I can understand she is upset but likely this is just a small decision by teacher (one of a hundred each day)
Absolutely no to the teacher being 'made to apologise' to a 9 year old
We are not puppets for parents

Doing the decent thing doesn't make you a puppet. If you have needlessly disappointed a child, it's not a small decision to her, it's a great big one. You shouldn't be made to apologise because you should do it off your own bat.

Dontaskdontget · 04/12/2022 11:23

CaronPoivre · 04/12/2022 10:08

Most children would prefer the bigger angel role. Usually much more coveted. It’s a speaking role. Sell it to her and do a fabulous costume.

Bollocks. Being Mary is so in demand that there’s even a BBC movie called “I want to be Mary”

OP this was a horrible thing for them to do your child: basically they made her the star of the play then fired her. If the other child has a Mary costume then I’m guessing she’s already played that part once?!

I’d demand that she be reinstated and make a huge fuss personally, teachers shouldn’t treat a child like that and an apology isn’t good enough. When institutions let down our children we have to stand up for them. How you and the teacher play this now is something she will remember for life.

HoppingPavlova · 04/12/2022 11:24

Does Mary slap Joseph? If not, who? All of the Wise Men? Invested now.

diddl · 04/12/2022 11:26

She was getting to slap someone in the play. How exciting.😂😂😂😂😂😂

If a costume was all that was needed for the "Mary" role they should have used that as the criteria!

toomuchlaundry · 04/12/2022 11:28

I was Mary in Primary School nativity.

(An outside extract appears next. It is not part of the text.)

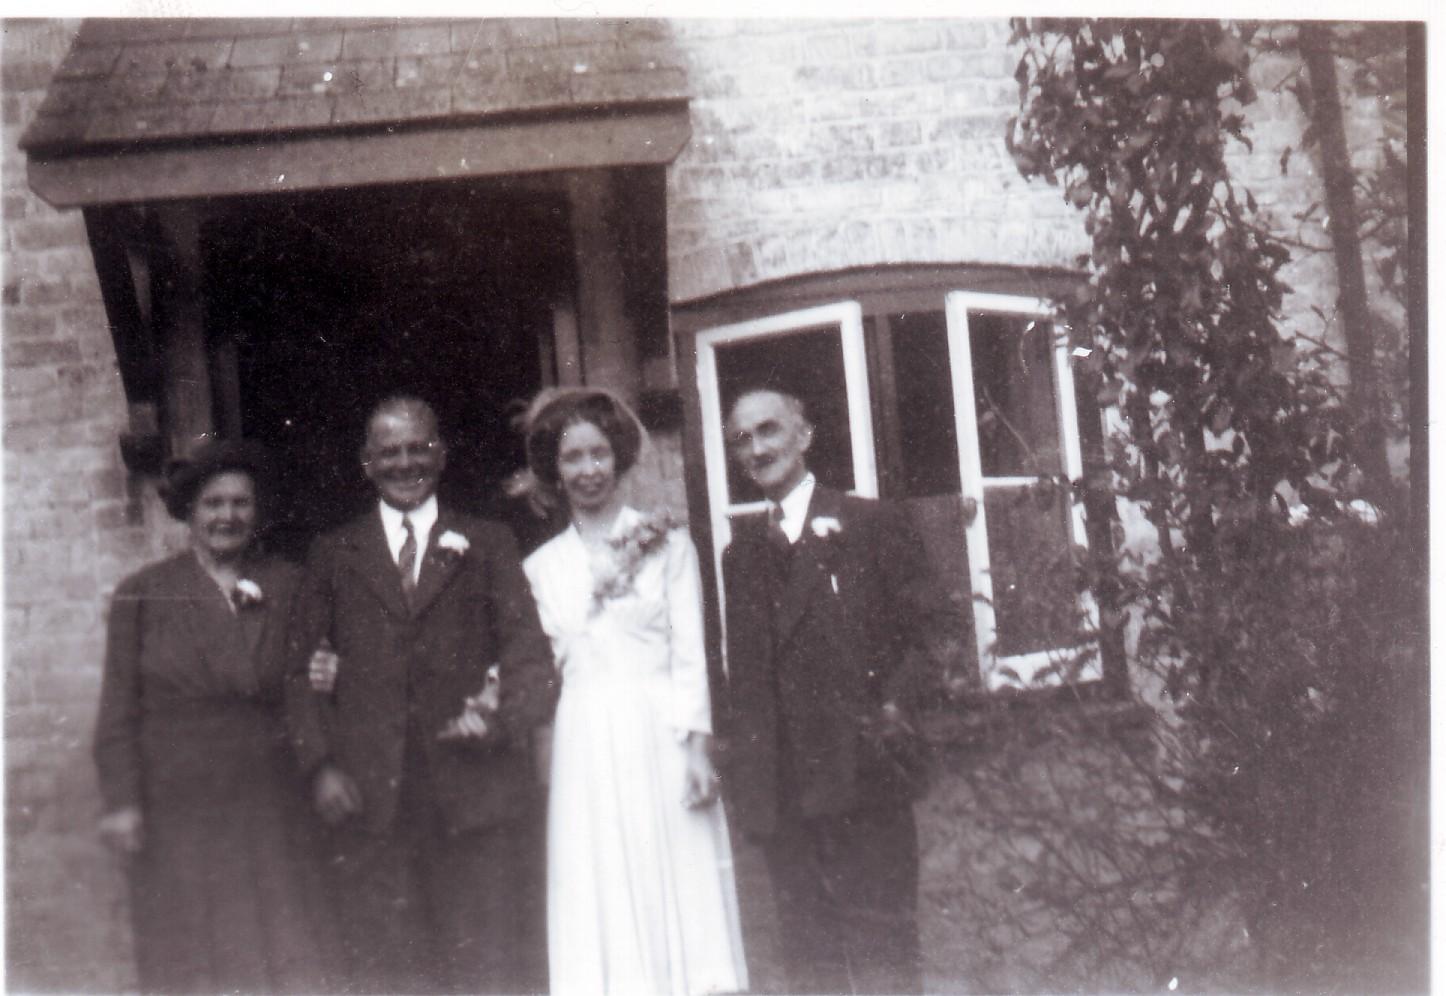 Norah & Eddie's Wedding, 1949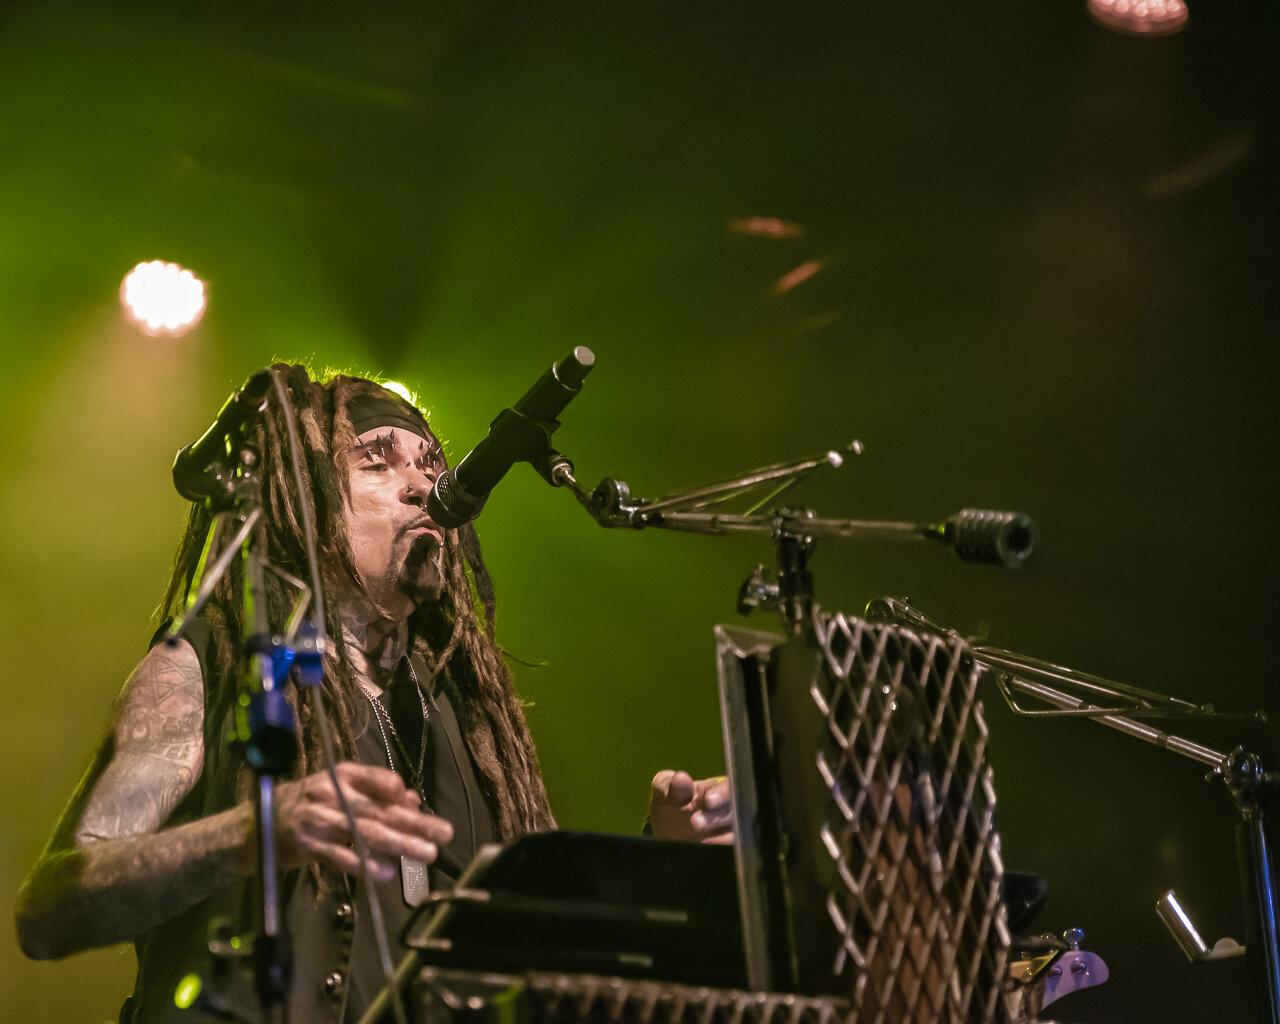 Ministry-VinylMusicHall-Pensacola-Nov012019-Raymer-002.jpg

Think I had one word and spent most of the play sitting on the side of the stage with Joseph (we loathed each other and would have quite liked to slap him 😳) Think I was chosen because I could sit quietly, certainly not for my acting skills.

PeterRabbitHadACarrot · 04/12/2022 11:29

HoppingPavlova · 04/12/2022 11:24

Does Mary slap Joseph? If not, who? All of the Wise Men? Invested now.

I was hoping the angel Gabriel for impregnating her.
(I'm not entirely clued up on christain mythology but I think that is what happened!).

wintersdreams · 04/12/2022 11:30

Oooooooooooooh · 04/12/2022 10:53

Oh give over @crochetmonkey74 an apology would go along way , or are teachers above common decency?
I'll always apologise to students if I feel I've made a mistake

100% agree with this.

I’m a teacher and also think this is poor, my class are so excited for our Christmas play and would be so upset if I decided to start switching parts around! I don’t think you’re unreasonable for wanting an apology. I would also apologise to any of my students if I thought I’d made an error

PlaitBilledDuckyPuss · 04/12/2022 11:30

Tell them you'd bought materials for a costume and started working on it, so you want compensation.